FATAL: while extracting /home/hyzahw/MLCFD/ml-cfd-lecture/of2206-py1.12.1-cpu.sif: root filesystem extraction failed: extract command failed: WARNING: passwd file doesn't exist in container, not updating
WARNING: group file doesn't exist in container, not updating
WARNING: Skipping mount /etc/hosts [binds]: /etc/hosts doesn't exist in container
WARNING: Skipping mount /etc/localtime [binds]: /etc/localtime doesn't exist in container
WARNING: Skipping mount /usr/local/var/apptainer/mnt/session/tmp [tmp]: /tmp doesn't exist in container
WARNING: Skipping mount /usr/local/var/apptainer/mnt/session/var/tmp [tmp]: /var/tmp doesn't exist in container
WARNING: Skipping mount /usr/local/var/apptainer/mnt/session/etc/resolv.conf [files]: /etc/resolv.conf doesn't exist in container

FATAL ERROR:write_file: failed to create file /image/root/opt/libtorch/include/ATen/ops/combinations_compositeimplicitautograd_dispatch.h, because Too many open files
Parallel unsquashfs: Using 8 processors
74903 inodes (86780 blocks) to write

: exit status 1
FATAL: while extracting /home/hyzahw/MLCFD/ml-cfd-lecture/of2206-py1.12.1-cpu.sif: root filesystem extraction failed: extract command failed: WARNING: passwd file doesn't exist in container, not updating
WARNING: group file doesn't exist in container, not updating
WARNING: Skipping mount /etc/hosts [binds]: /etc/hosts doesn't exist in container
WARNING: Skipping mount /etc/localtime [binds]: /etc/localtime doesn't exist in container
WARNING: Skipping mount /usr/local/var/apptainer/mnt/session/tmp [tmp]: /tmp doesn't exist in container
WARNING: Skipping mount /usr/local/var/apptainer/mnt/session/var/tmp [tmp]: /var/tmp doesn't exist in container
WARNING: Skipping mount /usr/local/var/apptainer/mnt/session/etc/resolv.conf [files]: /etc/resolv.conf doesn't exist in container

FATAL ERROR:write_file: failed to create file /image/root/opt/libtorch/include/ATen/ops/as_strided_copy.h, because Too many open files
Parallel unsquashfs: Using 8 processors
74903 inodes (86780 blocks) to write

: exit status 1

The first 4 lines appear also in my log files for blockMesh and decomposePar, I am not aware if this is normal or not but I believe it has something to do with the Fatal error below.

Thank you in advance!

Janis Geise · Answer 1 · Fri Feb 02 2024 02:31:34 GMT+0800 (China Standard Time)

Hi @hyzahw,

it looks like an issue with the Apptainer container to me. In order to help you better, can you check the following:

are you using Linux as native OS or are you using WSL (Linux subsystem for Windows)?
did you follow the setup explained in exercise 2, especially the part regarding Apptainer and building the container?
is the container located at the top-level of the repository?

Regards,
Janis

hyzahw · Answer 2 · Fri Feb 02 2024 08:23:02 GMT+0800 (China Standard Time)

Hi Janis,

Thanks for your answer. I am using Ubuntu as a native OS. I checked again the whole steps of installing Apptainer and I manage to not get the errors now concerning squashfuse and fuse2fs so I guess the Apptainer problem is solved.

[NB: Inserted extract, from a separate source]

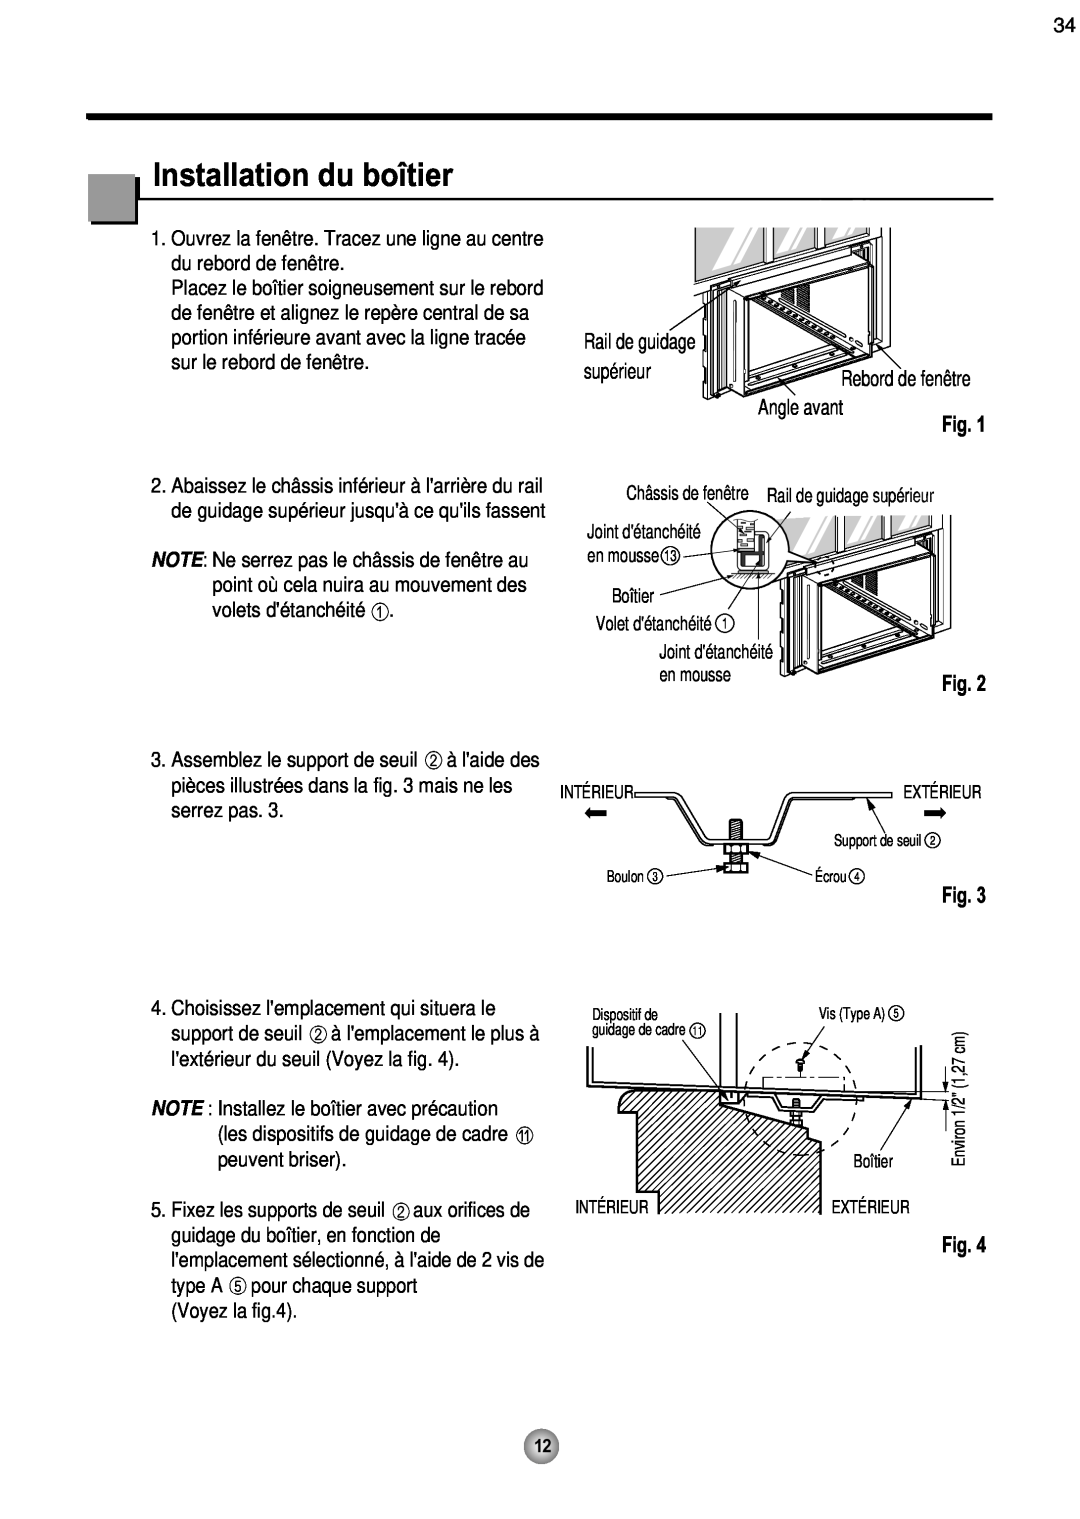 Friedrich CP08 operation manual Installation du boîtier, Rebord de fenêtre Angle avant

I get now this error when starting the runParallel renumberMesh step in ./Allrun :

--> FOAM FATAL ERROR: (openfoam-2206)
attempt to run parallel on 1 processor

    From static bool Foam::UPstream::init(int&, char**&, bool)
    in file UPstream.C at line 286.

FOAM aborting

I tried ./Allrun command in another tutorial that ran also in parallel. decomposePar was executed normally also as before and the same error came once the runParallel step was executed. Do you have any recommendations?

Janis Geise · Answer 3 · Fri Feb 02 2024 19:35:32 GMT+0800 (China Standard Time)

This may be an issue with MPI, can you check which version is installed by executing the command mpiexec --version in a terminal? You can further check if the simulation is executed when running it on only one CPU. Therefore, just change the Allrun script from:

# decompose and run case
runApplication decomposePar
runParallel renumberMesh -overwrite
runParallel $(getApplication)

to:

# decompose and run case
# runApplication decomposePar
# runParallel renumberMesh -overwrite
runApplication $(getApplication)

Edit: I get this error when numberOfSubdomains in system/decomposedParDict is set to 1. Can you check if this parameter is set to 2 in your case? It should look like: numberOfSubdomains 2;

Regards
Janis

hyzahw · Answer 4 · Wed Feb 07 2024 10:34:11 GMT+0800 (China Standard Time)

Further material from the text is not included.